Wednesday, December 22, 2010

Davies Alpine House at Kew Gardens

The arched shape of this greenhouse is both a new landmark and a welcoming gesture towards visitors to the Royal Botanic Gardens at Kew (a UNESCO heritage site). In the tradition of the innovative, high-tech glasshouses of Kew, this design provides a balanced, energy-efficient growing climate for Kew's collection of Alpine plants. The height of the two back-to-back arched structures ensures efficient thermal updraught to expel warm air at the top of the structure. A fan-shaped cloth provides protection from sunlight. Underground, air is conducted through a concrete labyrinth where it cools down before being reintroduced at the bottom of the greenhouse.

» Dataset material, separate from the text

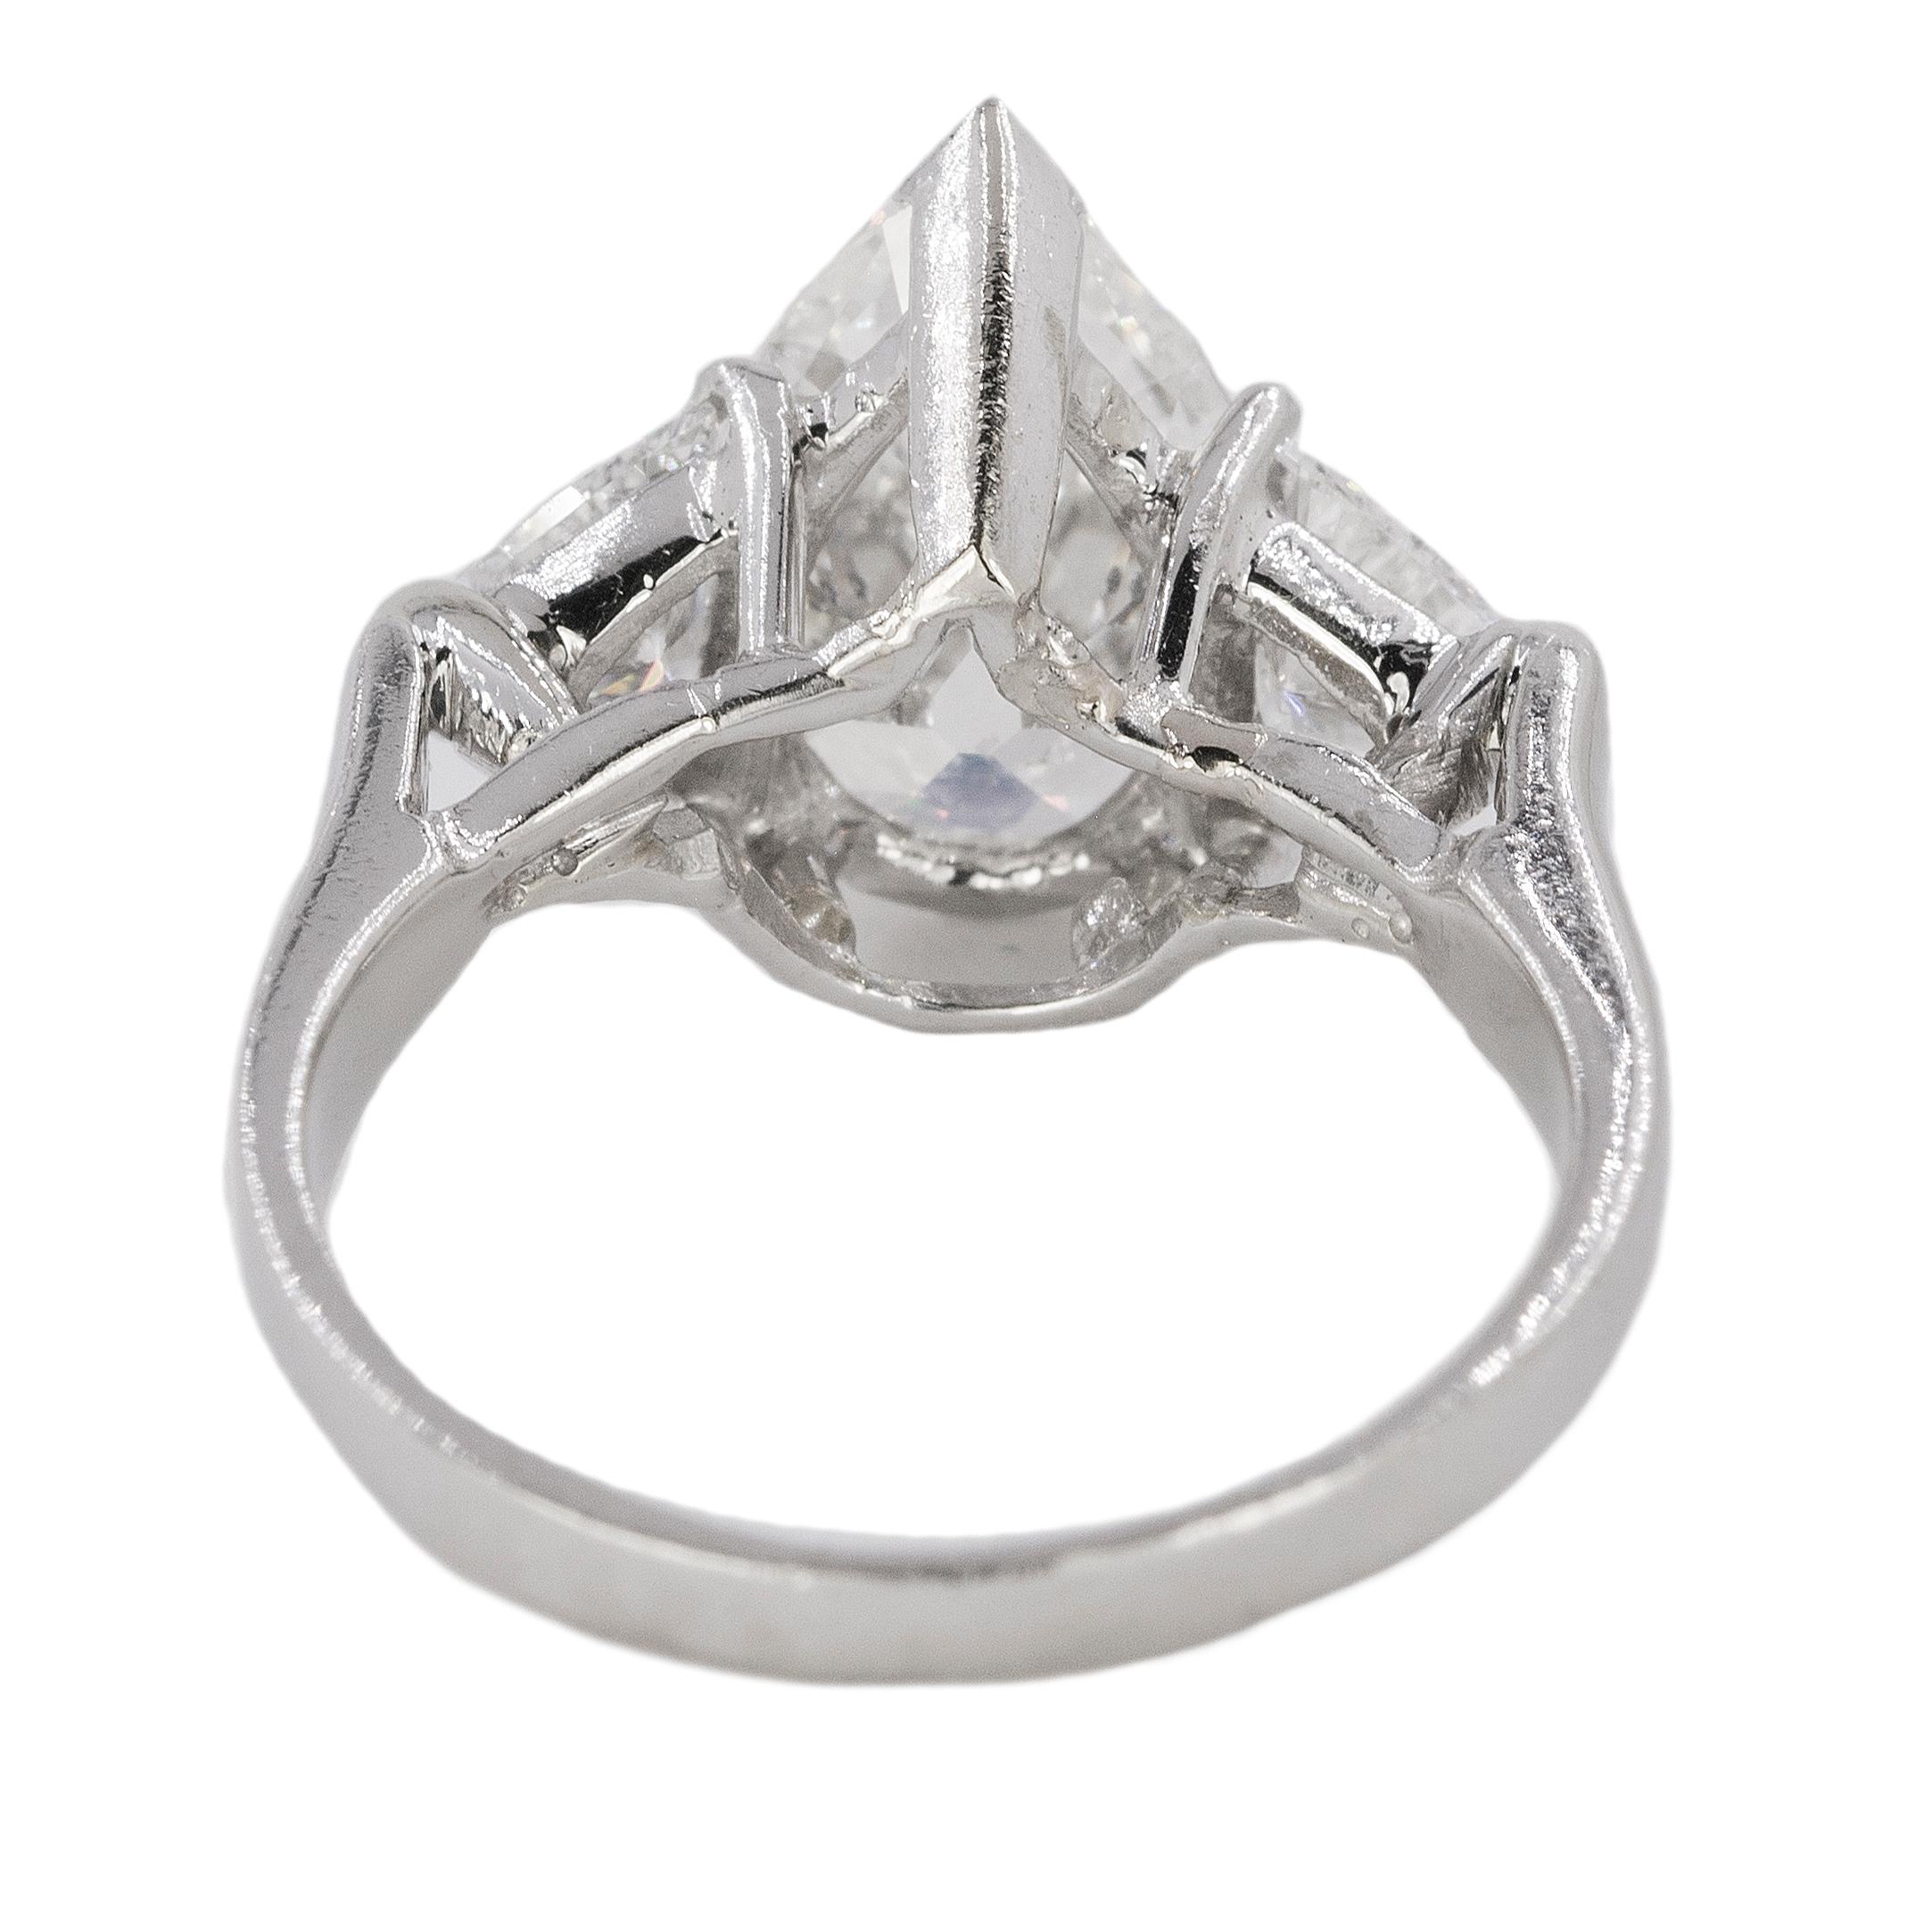 Women's or Men's Platinum Ring with 2.91 Carat Pear Shape

In the wild, alpines spend the winter dormant. They remain dry and protected from extreme temperatures and the desiccating effect of cold winds by a blanket of snow. Spring arrives rapidly, with melting snow providing moisture for growth and exposing the plants to intense light. The short growing season means plants have to flower and set seed quickly. The Davies Alpine House was designed to create the cool, dry and windy conditions that alpine plants favour, without using energy-intensive air-conditioning and wind pumps. Its architects employed traditional practices and the latest technology to achieve this.

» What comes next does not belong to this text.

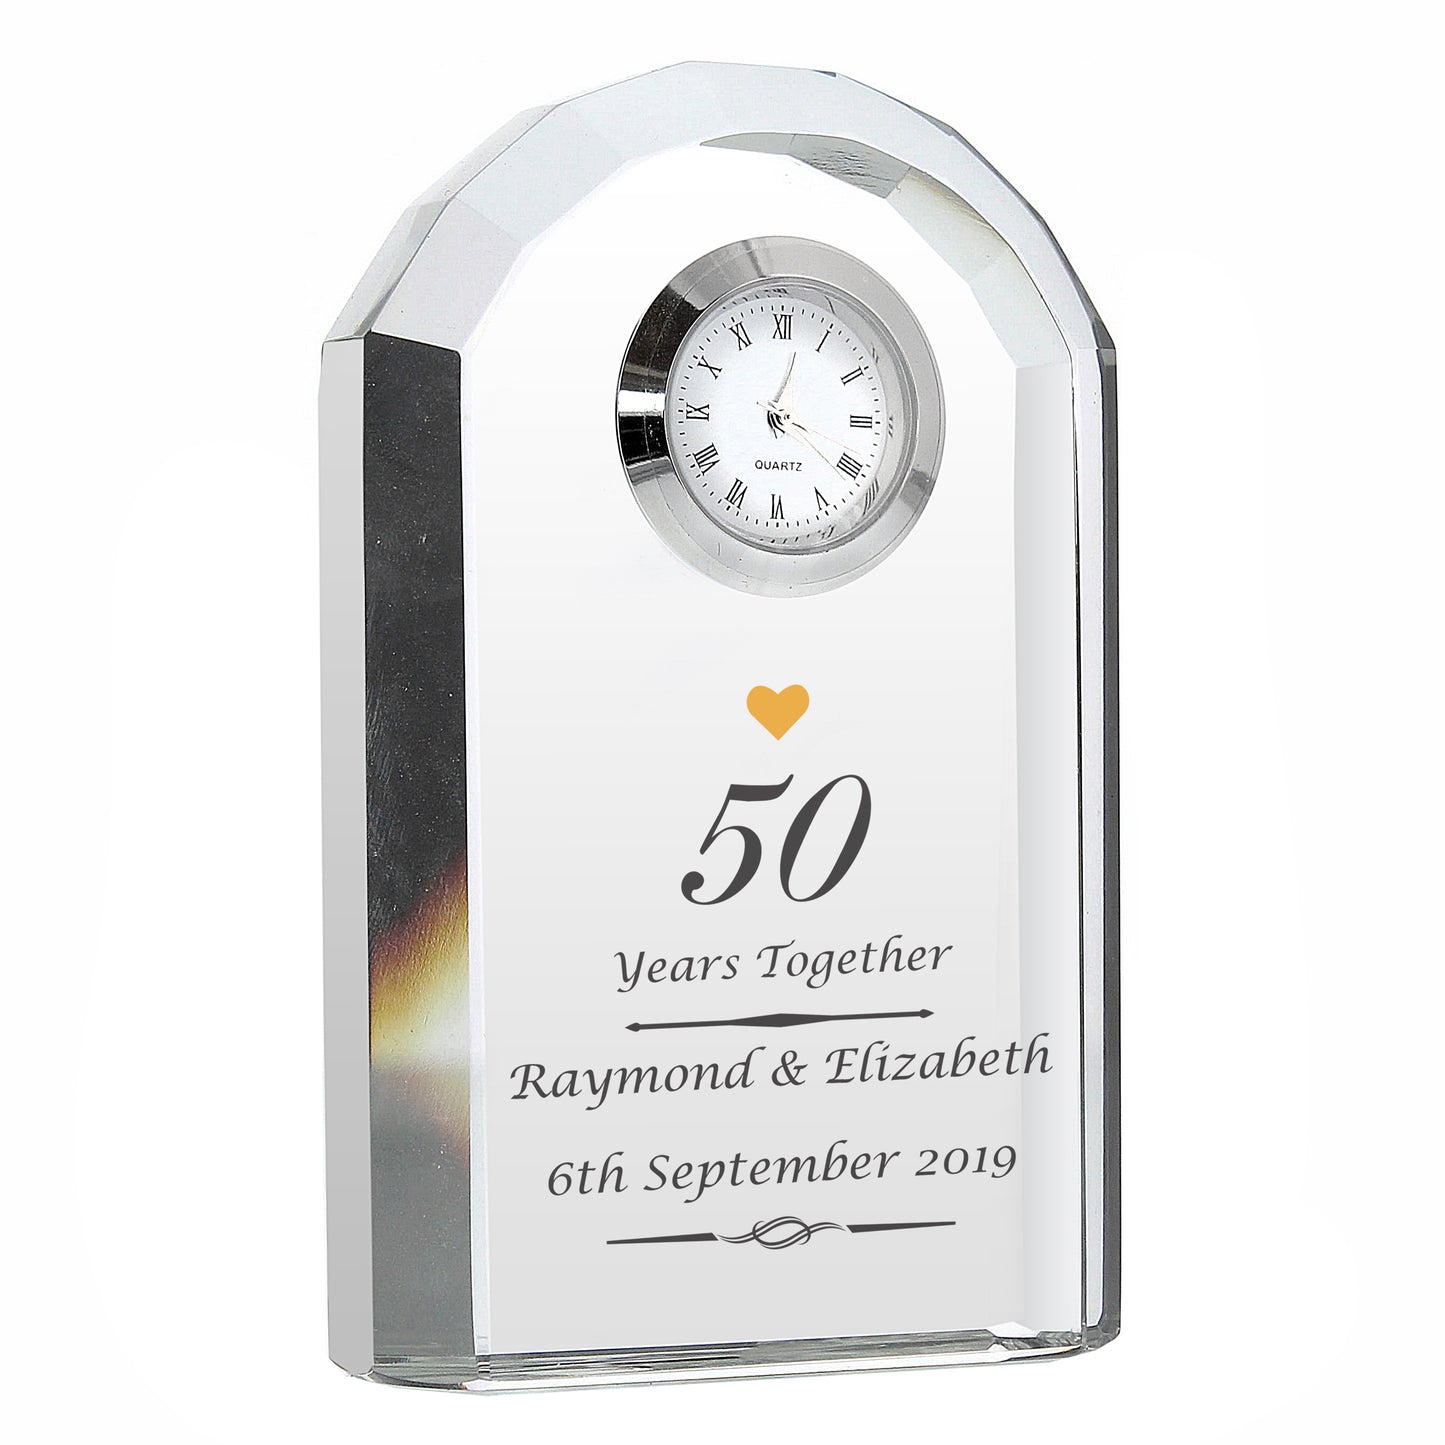 Personalised Golden Anniversary Crystal Clock - Personalise It!

Although the glasshouse is only 16 metres (50 feet) long, its roof reaches ten metres (33 feet) high. This creates a stack effect that draws in cool air through permanent openings on either side and releases warm air through vents in the roof. Meanwhile, a fan blows air through a concrete labyrinth beneath the ground. The air cools on its convoluted journey and is released into the glasshouse through steel pipes. The panes of glass are 12mm thick and have a low iron content which allows over 90 per cent of light through. Meanwhile, fan-like shades on the east and west sides of the glasshouse protect plants from the most intense heat of the summer sun.